Background and objectives

There is substantial public concern about a potential spread of antibiotic resistance genes in the soil and intestinal bacteria as a consequence of the use of genetically modified organisms, and in particular of the agricultural use of transgenic crops. A selection system for plant transformation that is exclusively based on genetic information already present in the host plant and that does not require antibiotic resistance genes would avoid any such risk. This project, which has just started, aims to develop such ecologically safe systems for cereals. The project is based upon truncated tubulins lacking the binding site for carbamates. Plants carrying the genes encoding such truncated proteins will be resistant to carbamate herbicides thereby allowing selection. The production of the truncated tubulins will be driven by the tubulin's own promoters within DNA fragments devoid of foreign sequences. The suitability of this selection system will be analysed using rice as a model cereal crop and the rice gene for phytochrome as a test gene.
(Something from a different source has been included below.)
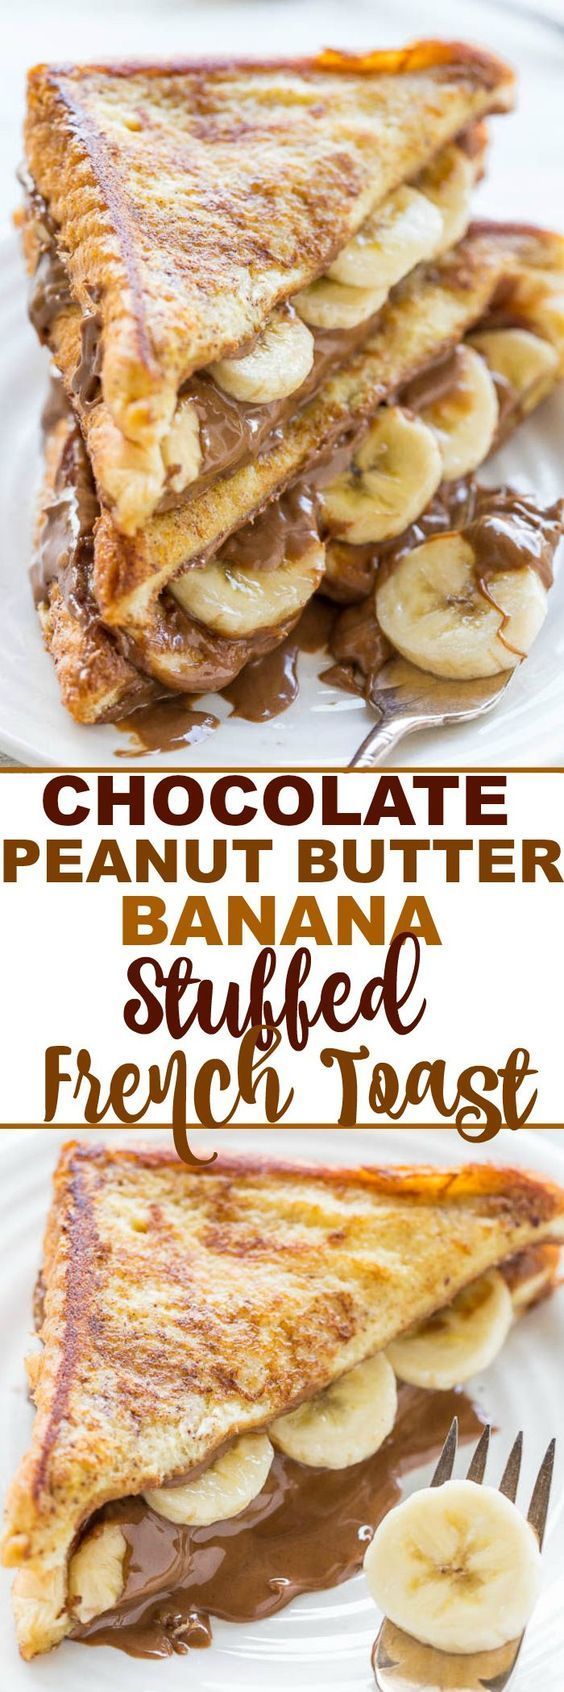 Chocolate Peanut Butter Banana Stuffed French Toast

Rice panicle. Photo: PBIU, University of Leeds.

Approach and methodology

A selection marker cassette consisting of the tubulin promoter, coding sequence for alpha-tubulin conferring resistance to carbamate herbicides, and full-length beta-tubulin will be constructed. Selection and transformation protocols based on carbamates will then be optimised. The selection marker cassette will then be used for cotransformation with rice phytochrome as model and the expression and functionality of the transgene will be assayed.

Throughout this work, the approach will be based on “clean DNA” technology, which involves avoiding the use of extraneous backbone and vector sequences.

Main findings and outcome

This project which is just starting is expected to generate the following results. The sequences of various different rice alpha- and beta-tubulins will be determined and their promoters isolated. Variants of rice alpha-tubulin with a truncated or modified C-terminus will be constructed. Vectors will then be made from these elements.
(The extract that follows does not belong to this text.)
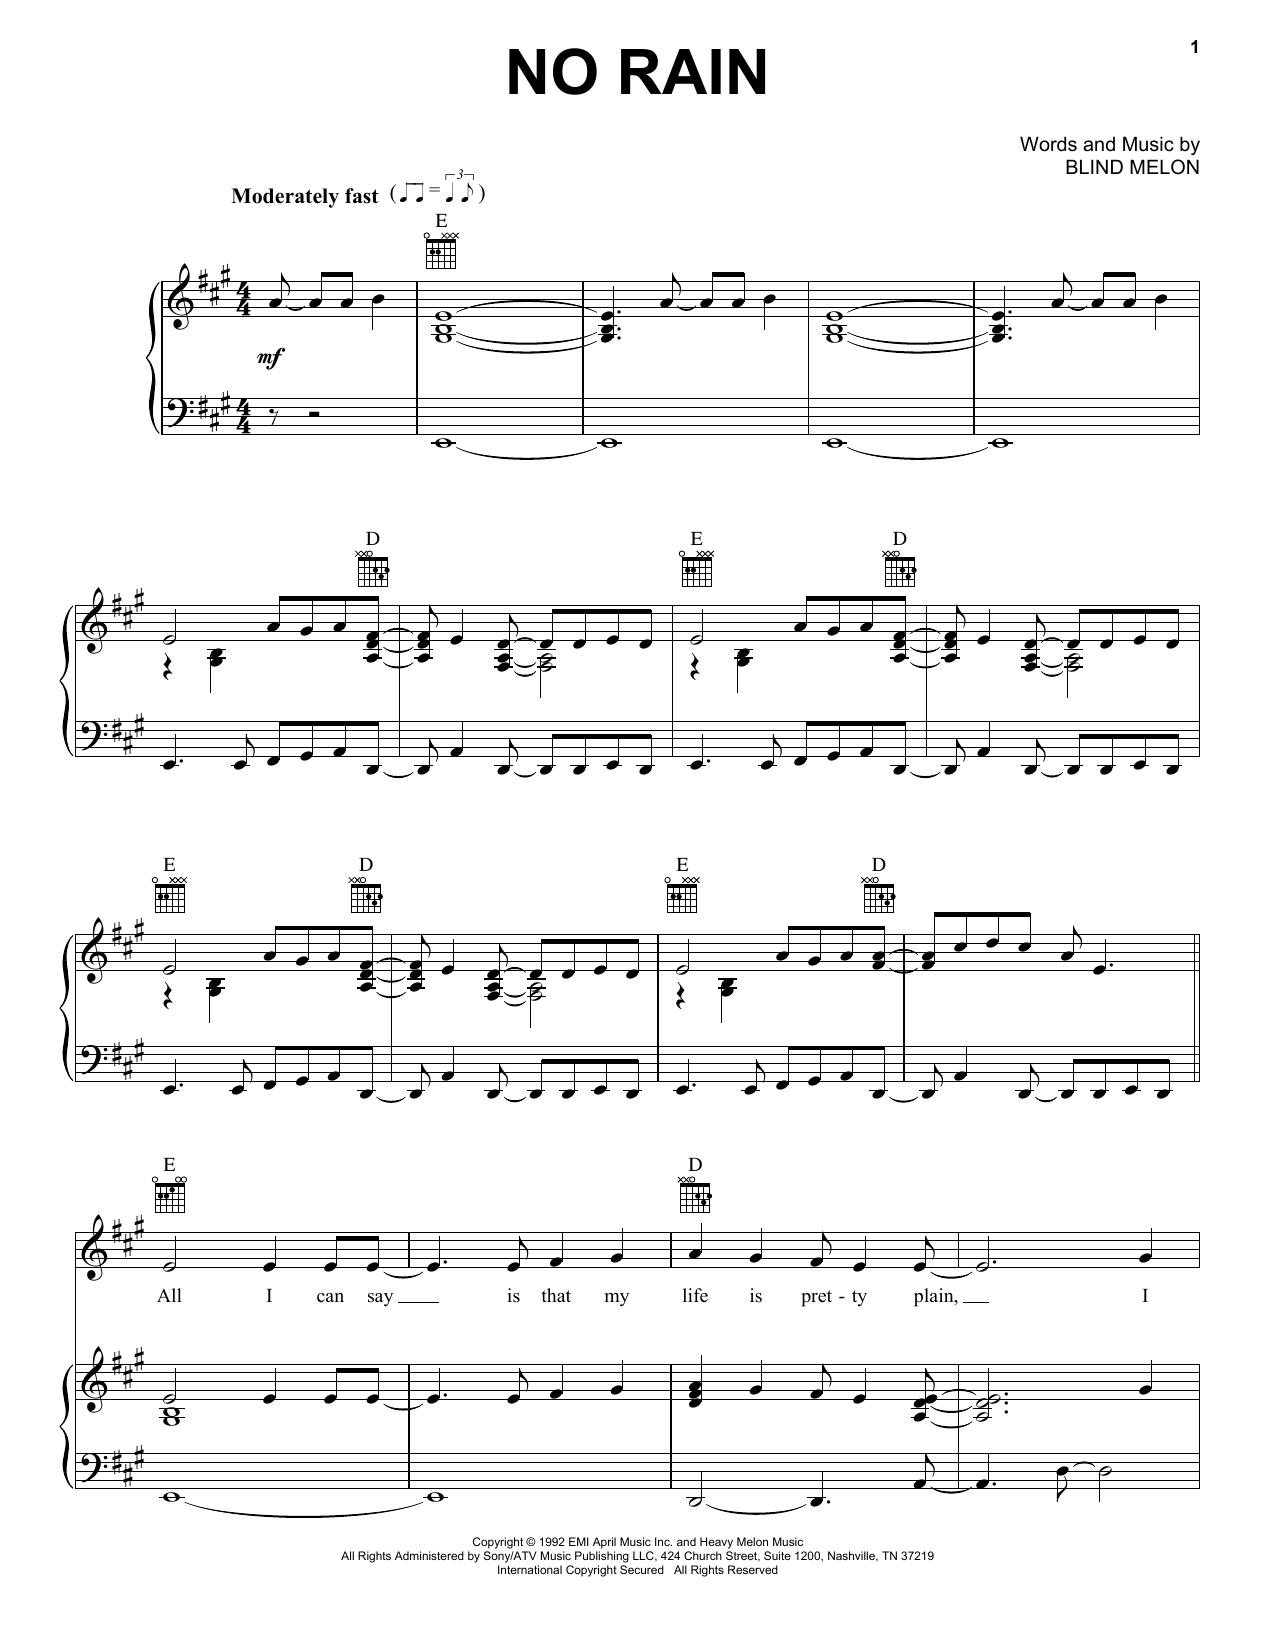 Blind Melon No Rain Sheet Music Notes & Chords for Melody Line, Lyrics & Chords - Download or Print PDF

Protocols for homologous transfection into rice embryos will be developed involving tests for conferred carbamate resistance. The clean-DNA system will then be validated using the rice phytochrome gene. Phytochrome expression and functionality in transformed cells will be investigated and carbamate resistance and phytochrome overexpression during development and propagation of transgenic plants analysed. This will also include tests for potential negative effects of tubulin expression on plant development.

Conclusions

This project will contribute to a clean DNA technology to minimise the risks associated with genetically modified organisms. In addition to the advantages of reduced risk, this should also improve public acceptance of genetic modification technology. In particular, rice plants will be produced that are resistant to a herbicide (carbamate) but that do not contain any DNA sequences of foreign origin.